Deep Learning Papers Summarization

A Summary of DL papers

Decoupled Neural Interfaces using Synthetic Gradients

  • In NN, the training process, has 3 bottle-necks
    • forward lock: you need to calculate teh output of the previous layer before you can can go into next layer in forward pass
    • backward pass: the same, but for backward propagation
    • weights lock: you can’t update weights unless you do for weights in next layer
  • the paper trying to unlock these bootle-necks by decoupling each layer, to be sufficient alone
  • it does that by introducing, a Synthetic Gradient Model, that can predict the gradient for the current layer, without waiting for the gradient of the next layer
  • this was we can calculate gradient and update weights as soon as we calculate the activation of the current layer

Synthetic Gradient Model

  • can be just a simple NN that is trained to output the gradient of the layer

  • it can be trained using the true gradient, or even the synthetic gradient of the next layer

  • it’s important that the last layer computes the true gradient, as in the end we must have a ground truth to can calculate a true loss, and the NN would actually train

  • we can have also synthetic model for forward pass, that works with the same idea

A Roadmap for Big Models

  • We are in the Era of Big Models
  • Model generalization is hard, models trained on certain data domain, doesn’t scare to other
  • Datasets creation, and high research tasks, made it hard for small companies to train task-specific models
  • Big models solve thees issues.

Big Models

  • Big-data driven
  • Multi-task Adaptive
  • can fine-tuned with few-shot learning

Data issues

  • data bias
  • data duplication
  • data has to cover all domains
  • low quality data
  • hard to create huge datasets


  • a new way to represent data
  • we represent knowledge as knowledge graphs
  • KG consists of: Instances, Relation, Concept, and Values
  • KG can be created using : experts, wiki-based knowledge graphs, or extracted from unstructured texts

KG Completion and Integration

  • most of the known KGs has many fields empty, and there’s a going research in how to deal with that and fill the gaps.
  • some methods try to do that using intra-graph knowledge augmentation or with inter-graph.
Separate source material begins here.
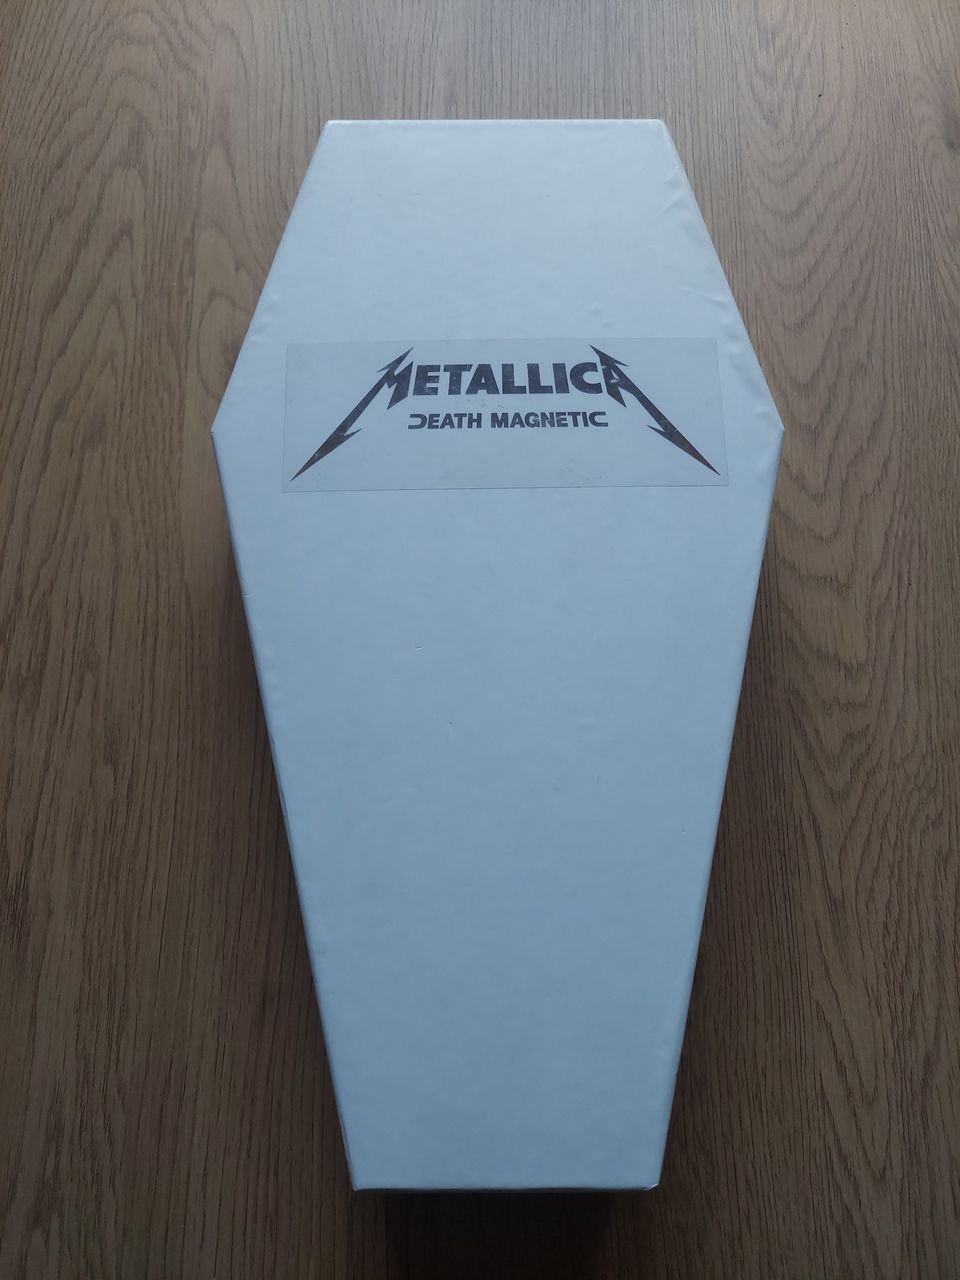 Metallica - Death Magnetic Coffin Box
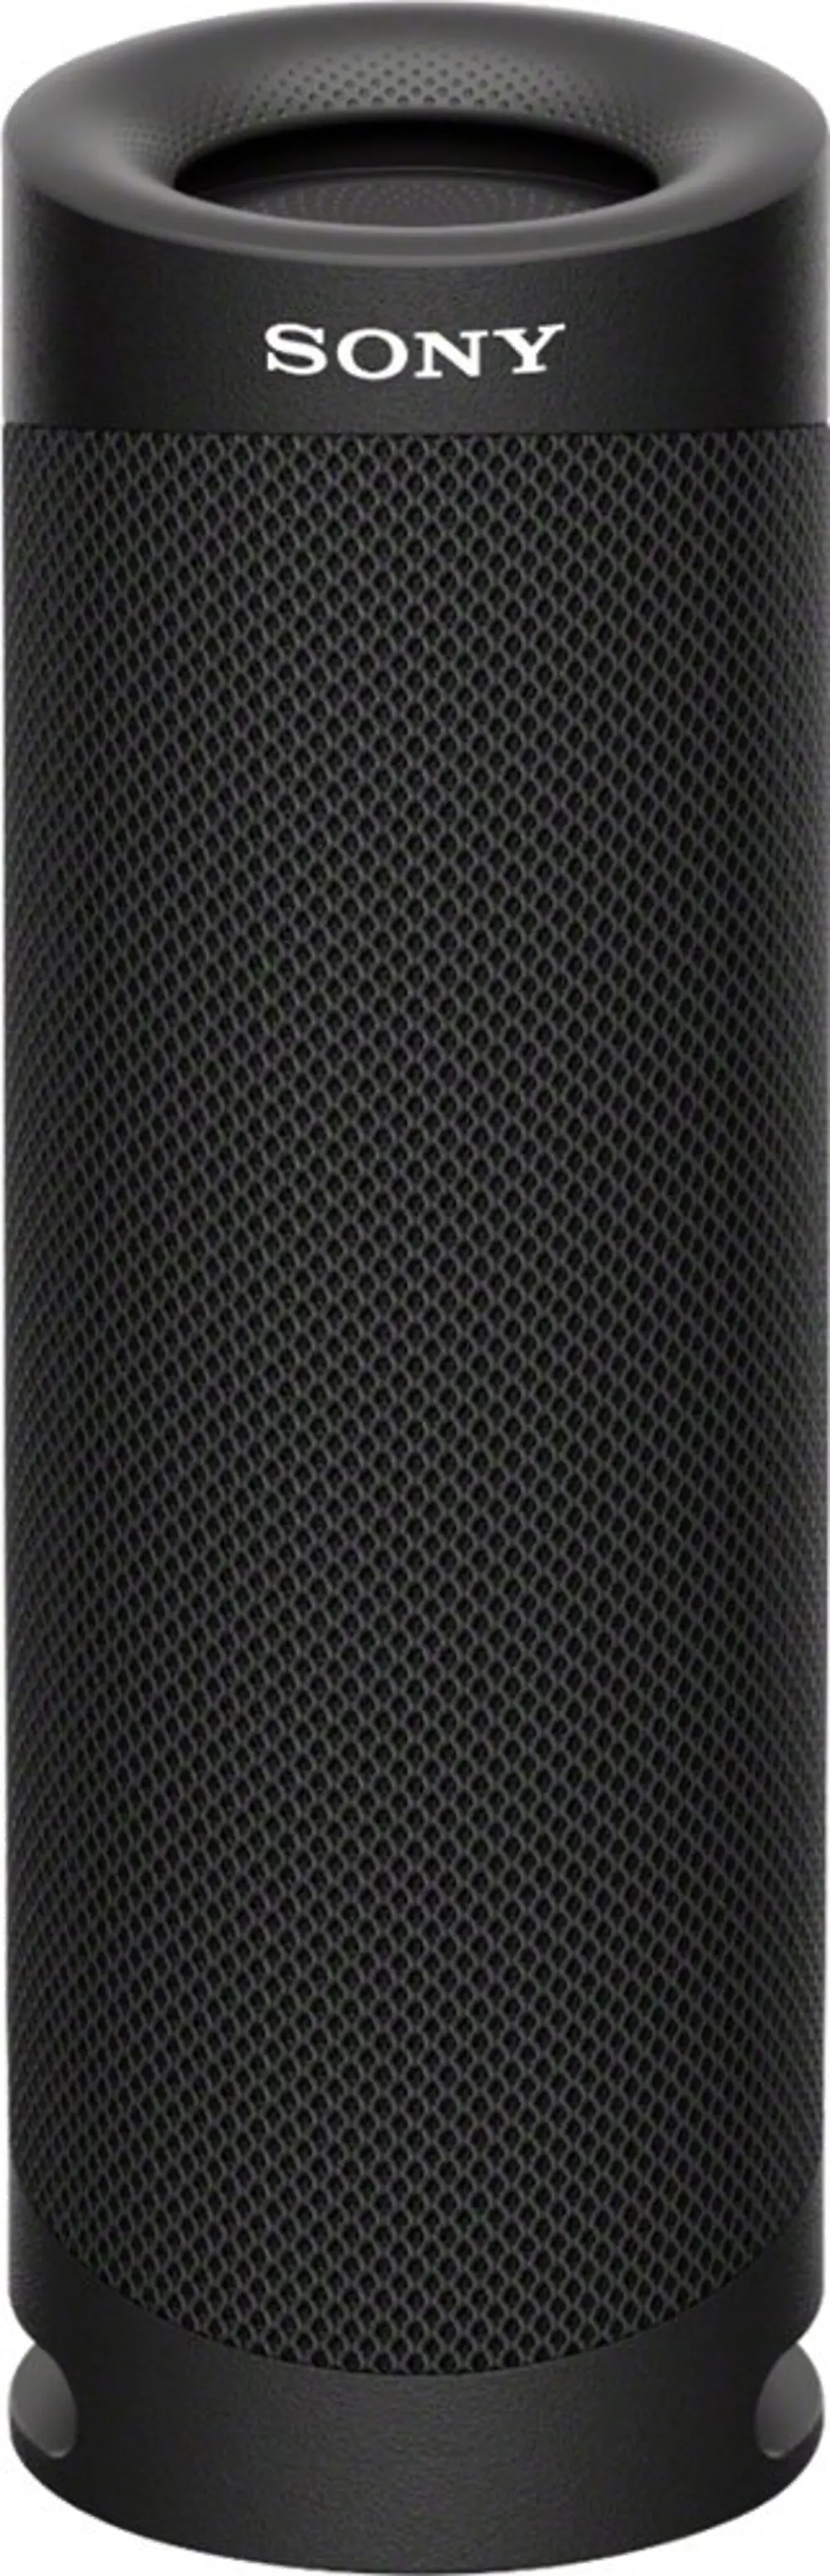 SRSXB23/BLACK Sony Black Waterproof Portable Speaker with Extra Bass - XB23-1

Denoising Diffusion Probabilistic Models

Forward diffusion process: gradually keep adding noise to the original image till it’s destroyed

  • the main task is to reverse the noising procedure, so then we can learn the underlying data distribution, then we can generate images from it

  • instead of calculating the steps of the forward diffusion process sequently, we can combine all the steps in one step, by sampling from a distributuion which have mean of the product of all means in each step

$\begin{aligned} q(x_t | x_0) = x_t \sim \mathcal{N}( \sqrt{\bar \alpha} x_0 , (1 - \bar \alpha ) \mathcal{I})\end{aligned}$